We use this function to create a predicate passed through to `itertools.filterfalse` which is then used to obtain an iterator on the anomalies.

In [154]:
from itertools import filterfalse
pred = lambda t: is_ok(5, t)
anomalies = filterfalse(pred, data_with_stats)
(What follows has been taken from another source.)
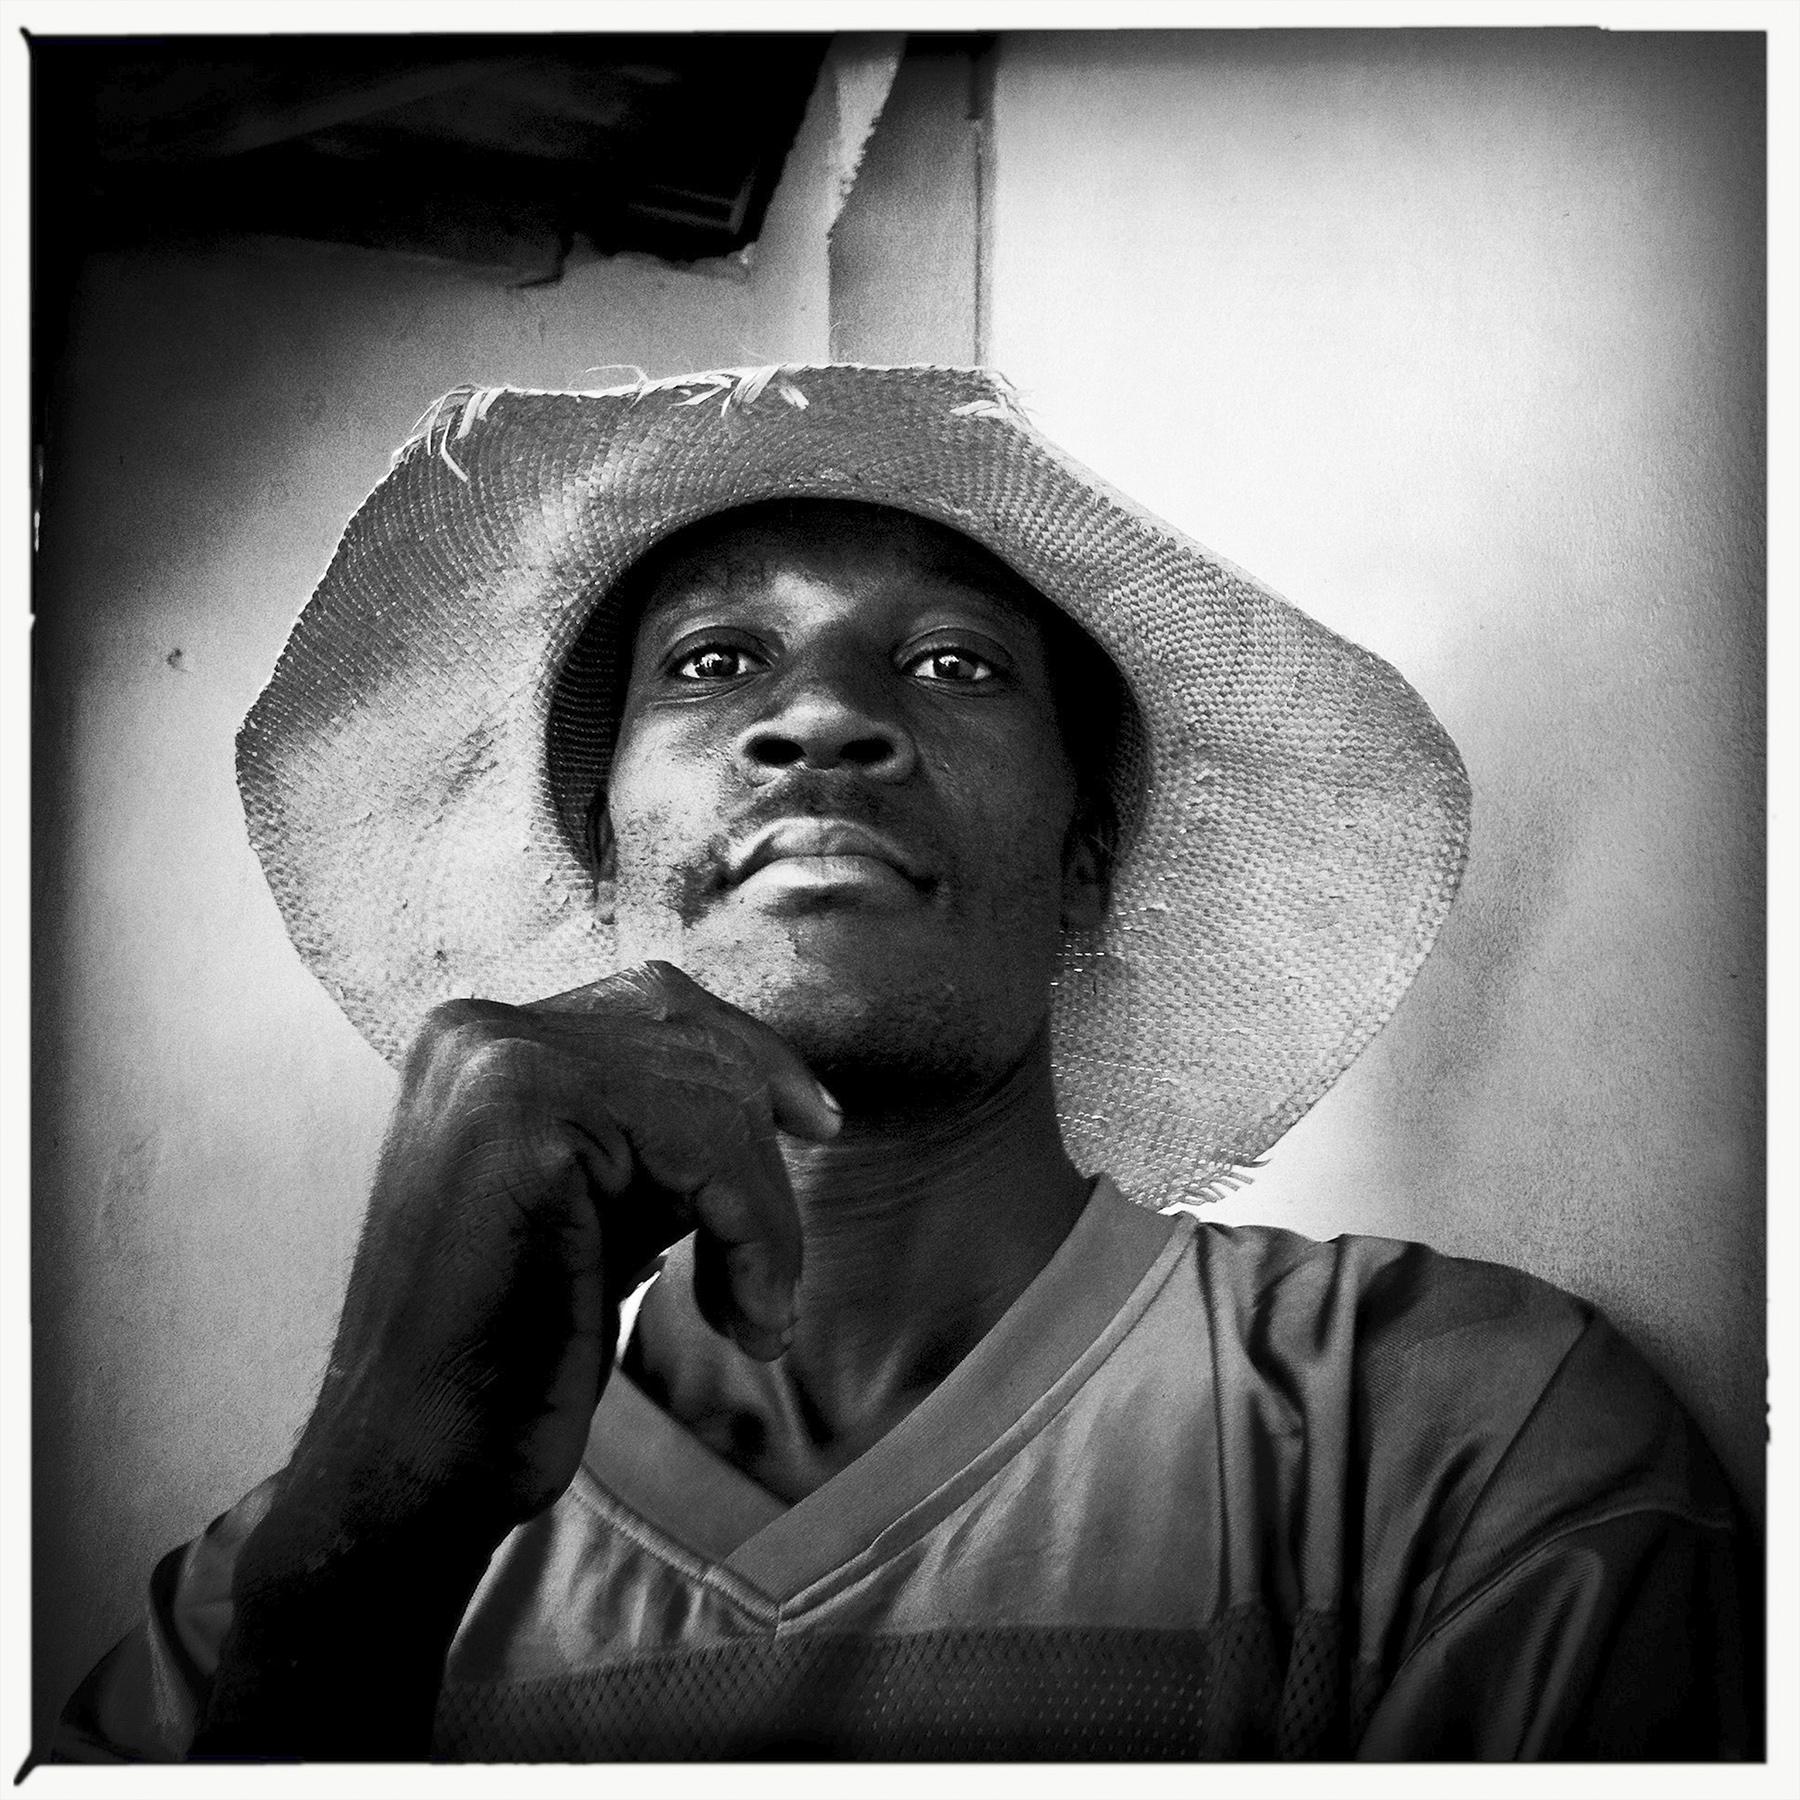 Cheryl_Clegg_Faces_of_the_Rasin_Foundation_Haiti_5.jpg

We materialize the anomalies...

In [155]:
anomaly_list = list(anomalies)
print(len(anomaly_list))
anomaly_list  # materialize

9432


[(2, 999999993.668907, 999999997.1454622, 4.916591385519283),
 (5, 1000000006.8063874, 1000000000.196701, 3.7337646917130316),
 (19, 999999994.3843958, 1000000000.0517331, 1.3790551740134611),
 (20, 1000000006.5172698, 1000000000.37501, 1.4706257466845123),
 (22, 1000000008.1340752, 1000000000.5921197, 1.6944561177220614),
 (33, 1000000006.0135381, 1000000000.5386285, 0.9848084343305032),
 (37, 1000000007.1887525, 1000000000.7186396, 1.0988792818028763),
 (43, 1000000008.1489433, 1000000000.6390294, 1.178396768339386),
 (44, 1000000006.7925471, 1000000000.778882, 0.9423324774844044),
 (58, 999999989.3760073, 1000000000.4685622, 1.482495254362478),
 (62, 1000000005.6040199, 1000000000.566396, 0.6511569922386762),
 (73, 1000000005.8065561, 1000000000.5435818, 0.6267492162242675),
 (80, 999999992.7377859, 1000000000.3485179, 0.8620040547245812),
 (94, 1000000006.0758184, 1000000000.3349707, 0.5994705296032061),
 (124, 999999993.268937, 1000000000.0943075, 0.6202635065278119),
 (128, 99999

## To think of, but not hand in

What kinds of anomalies will this algorithm pick up? What kinds would a shorter "window" of anomaly detection, like 100 points around the time in question pick? How might you create an algorithm which does window based averaging? (hint: the window size is small compared to the time series size). 

Finally think a bit of how you might implement all of this in a production environment..remember that data streaming in might get backed up when you handle an anomaly.

(Some inspiration might accrue if you look at the docs for `collections.deque`).